BEGIN
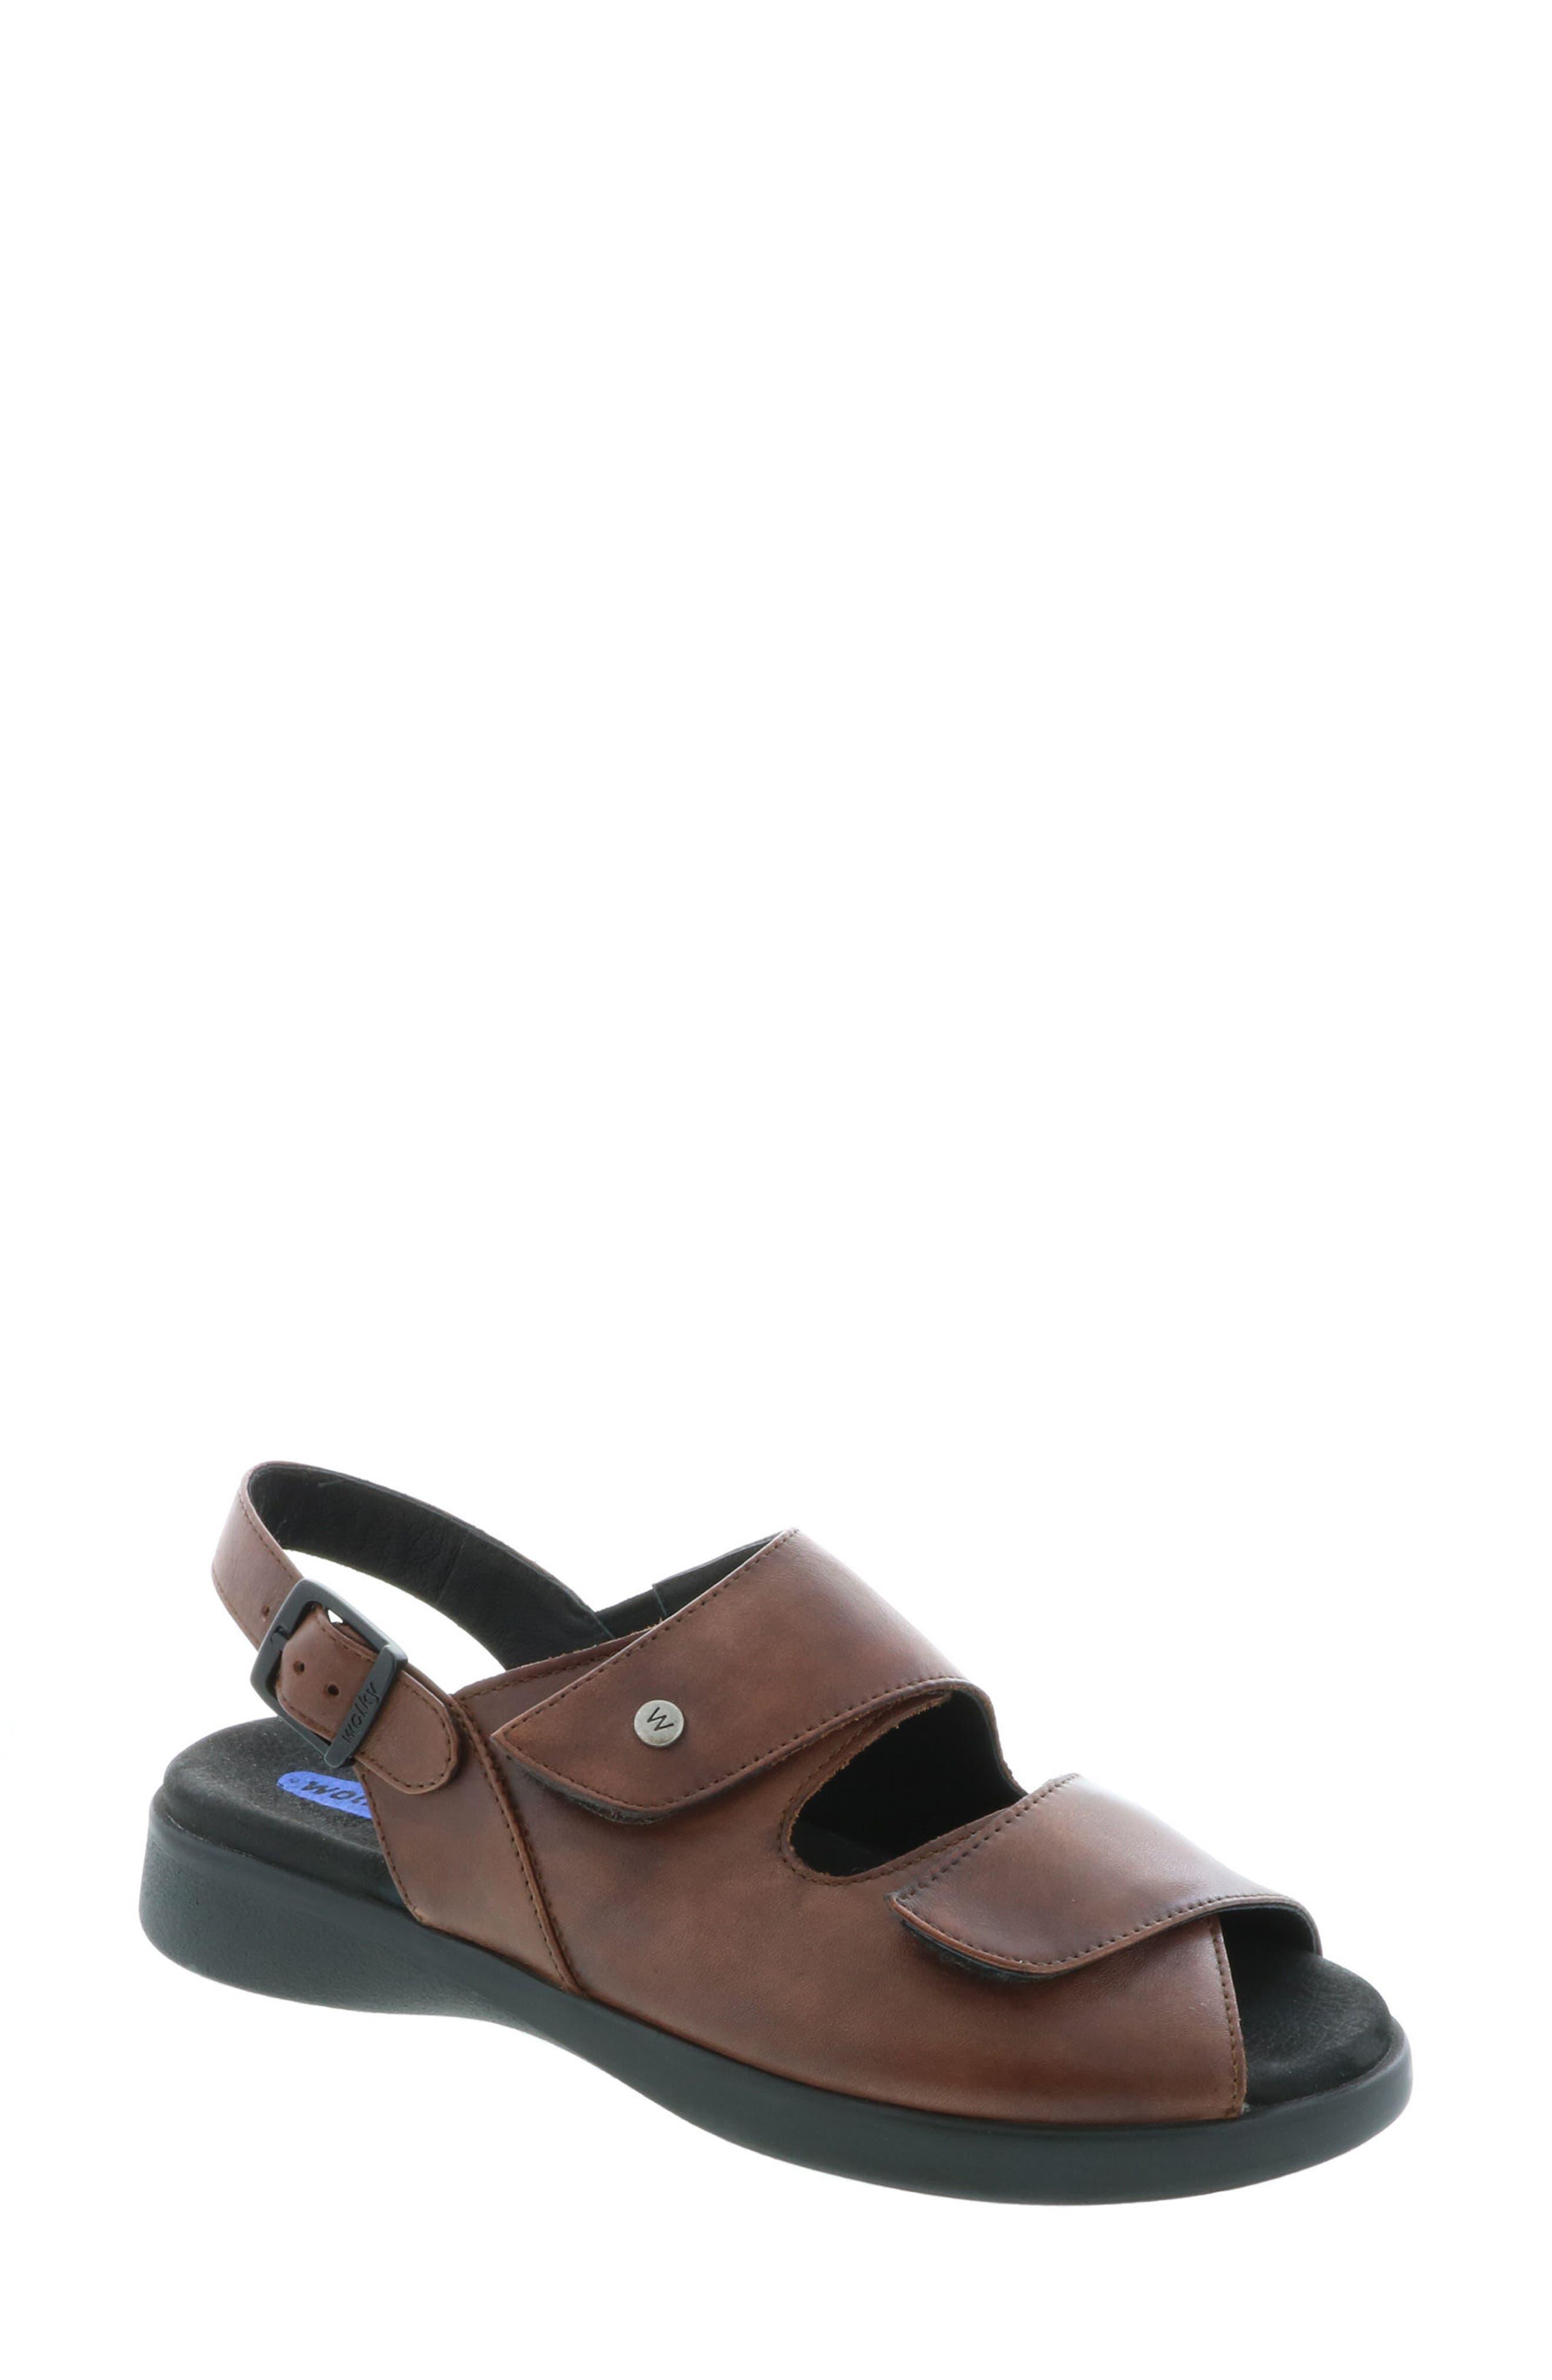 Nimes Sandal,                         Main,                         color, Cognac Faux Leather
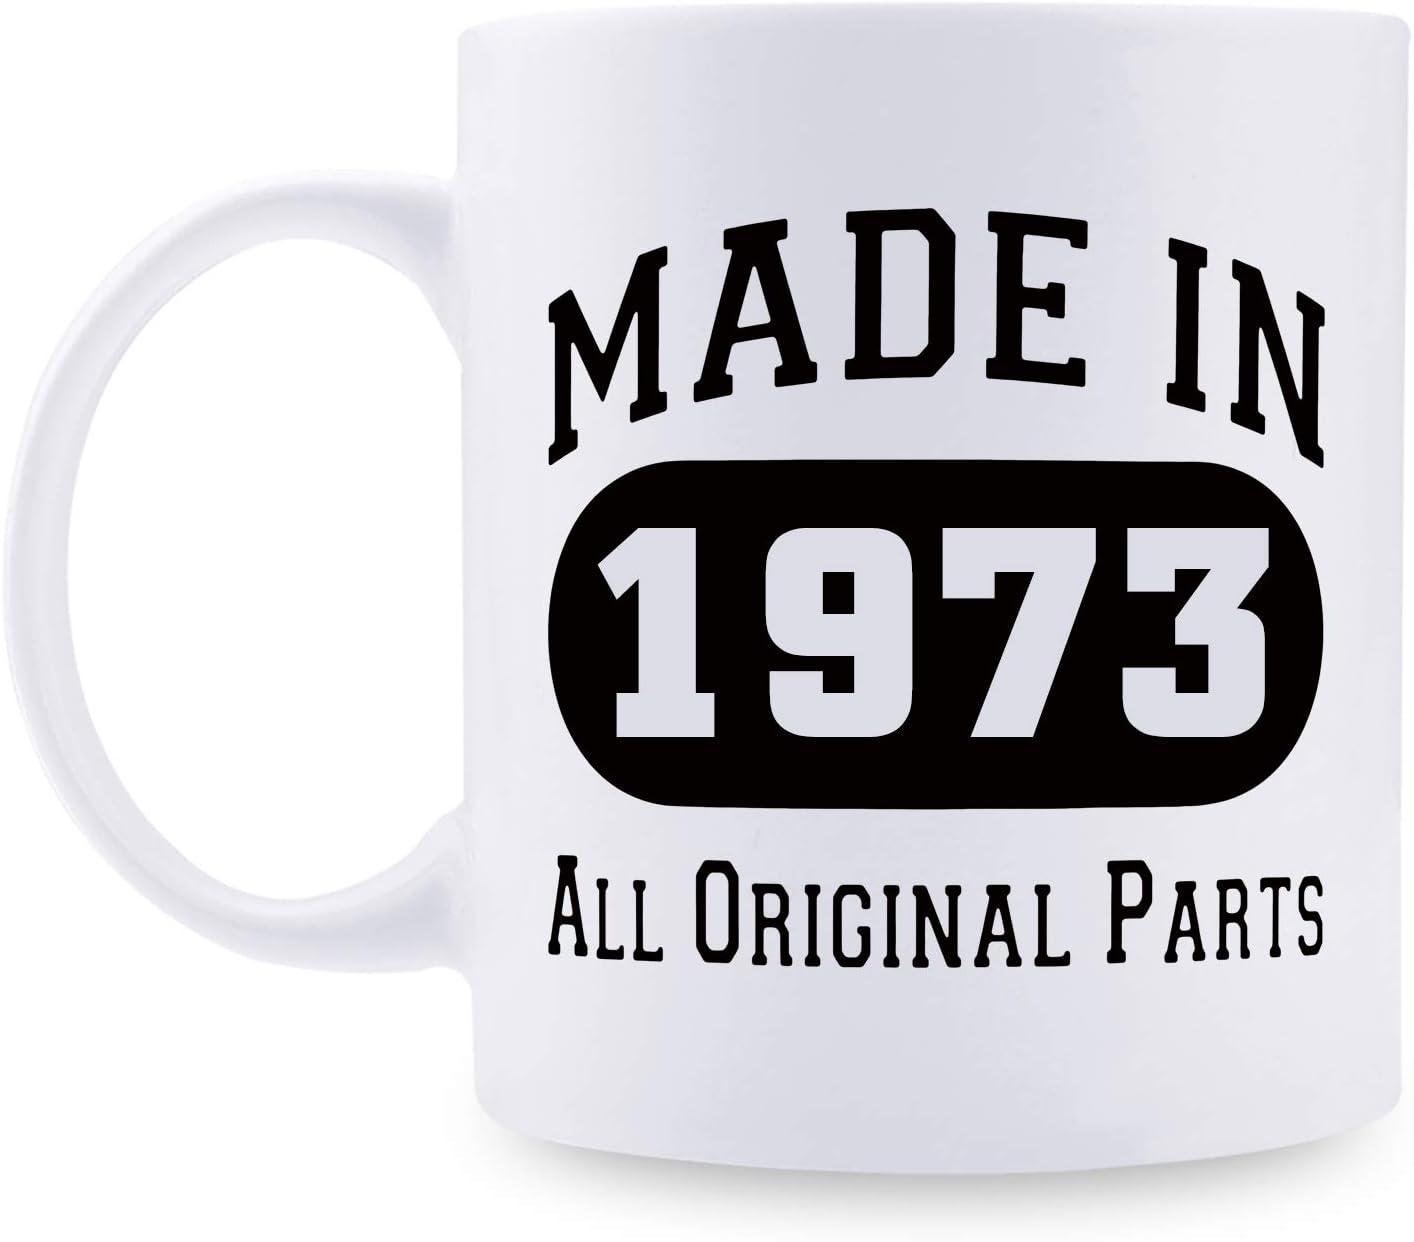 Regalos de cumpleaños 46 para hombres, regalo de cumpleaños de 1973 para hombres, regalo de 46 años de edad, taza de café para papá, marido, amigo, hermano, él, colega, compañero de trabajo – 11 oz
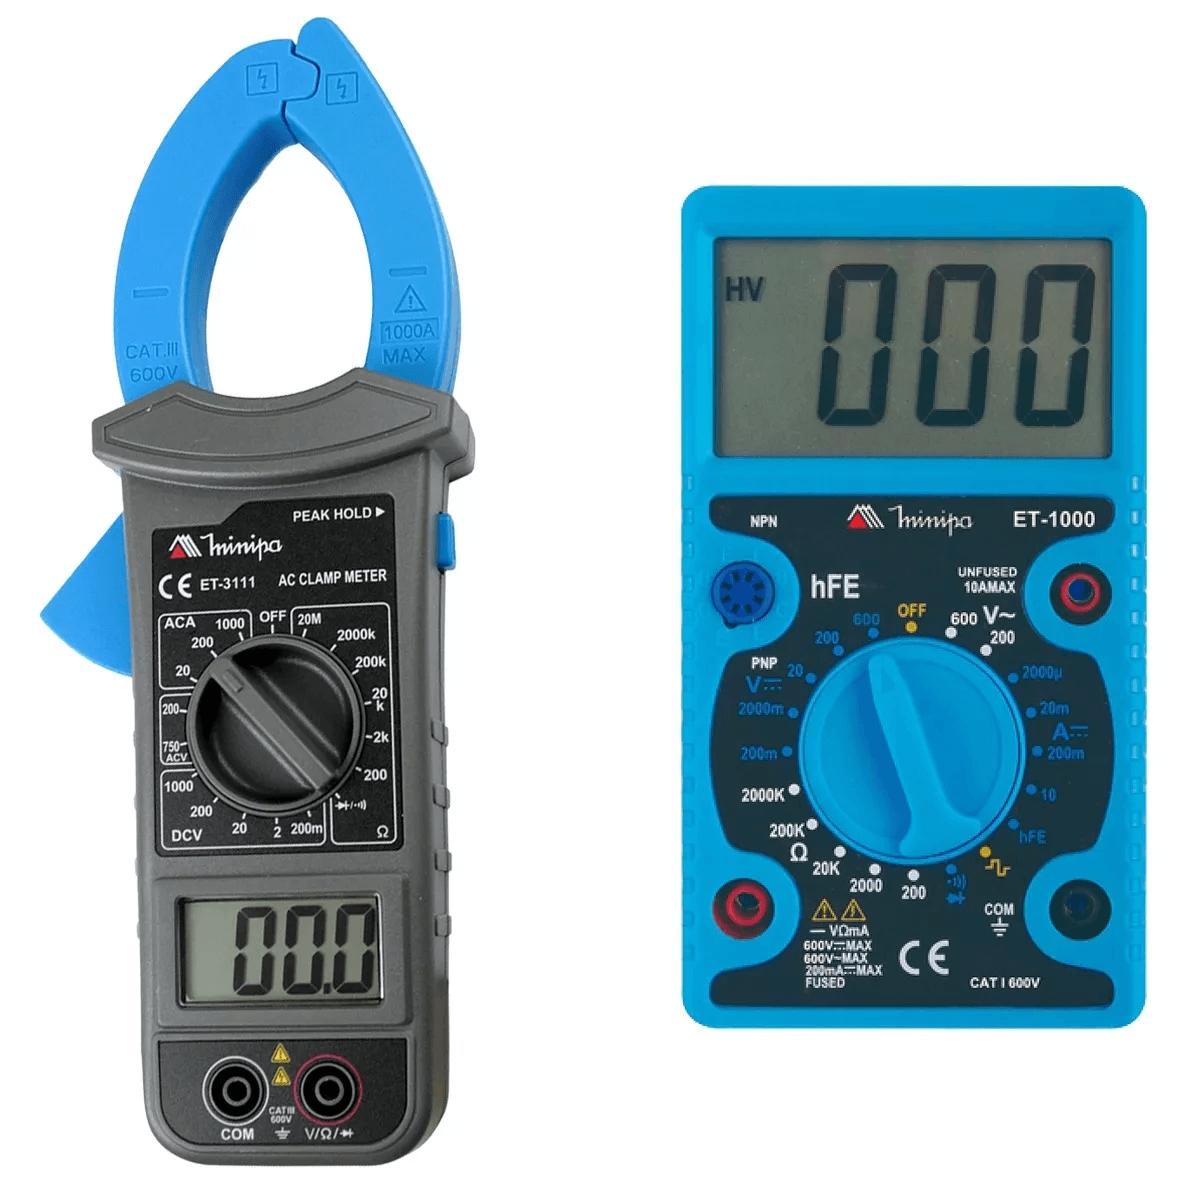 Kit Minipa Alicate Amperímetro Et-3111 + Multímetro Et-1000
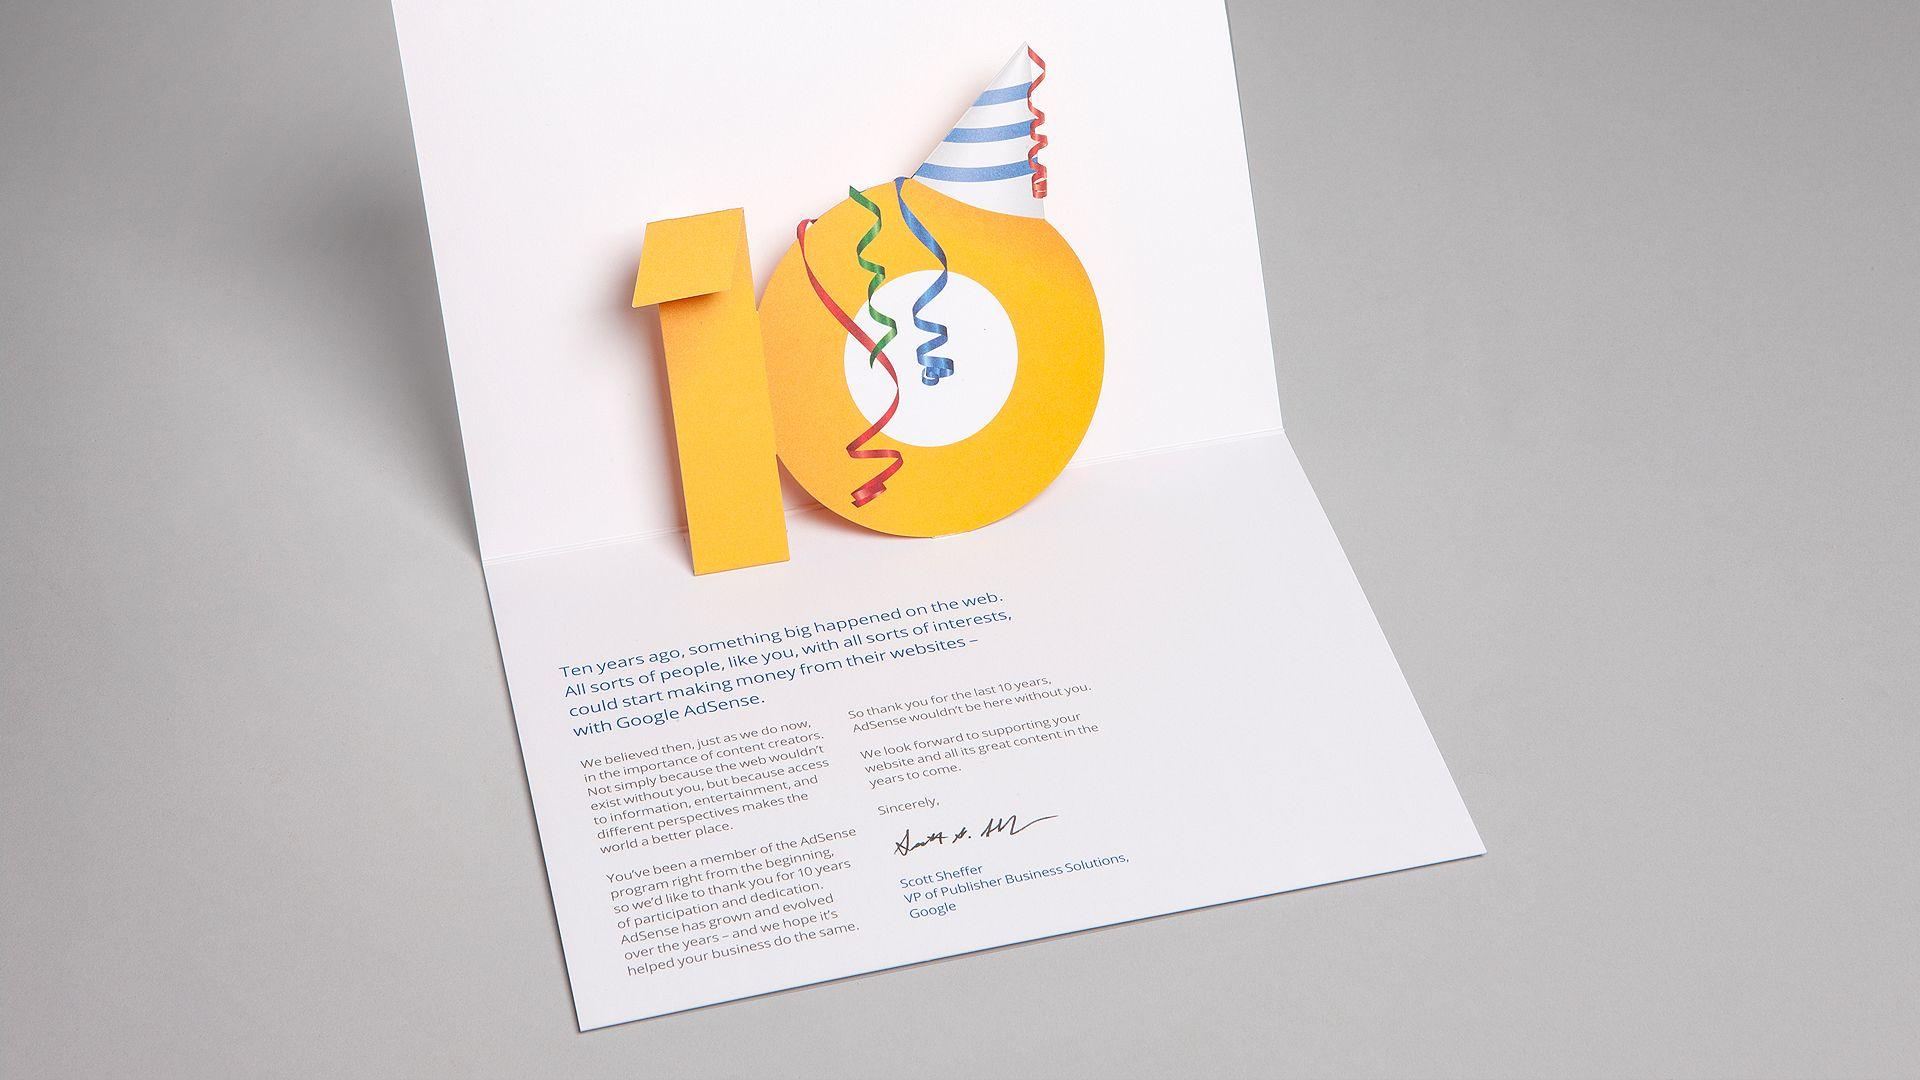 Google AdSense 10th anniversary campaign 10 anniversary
END
=== Task description ===
The expected output is the full data above, reproduced exactly with no images.

=== Solution ===
 Nimes Sandal,                         Main,                         color, Cognac Faux Leather
 Regalos de cumpleaños 46 para hombres, regalo de cumpleaños de 1973 para hombres, regalo de 46 años de edad, taza de café para papá, marido, amigo, hermano, él, colega, compañero de trabajo – 11 oz
 Kit Minipa Alicate Amperímetro Et-3111 + Multímetro Et-1000
 Google AdSense 10th anniversary campaign 10 anniversary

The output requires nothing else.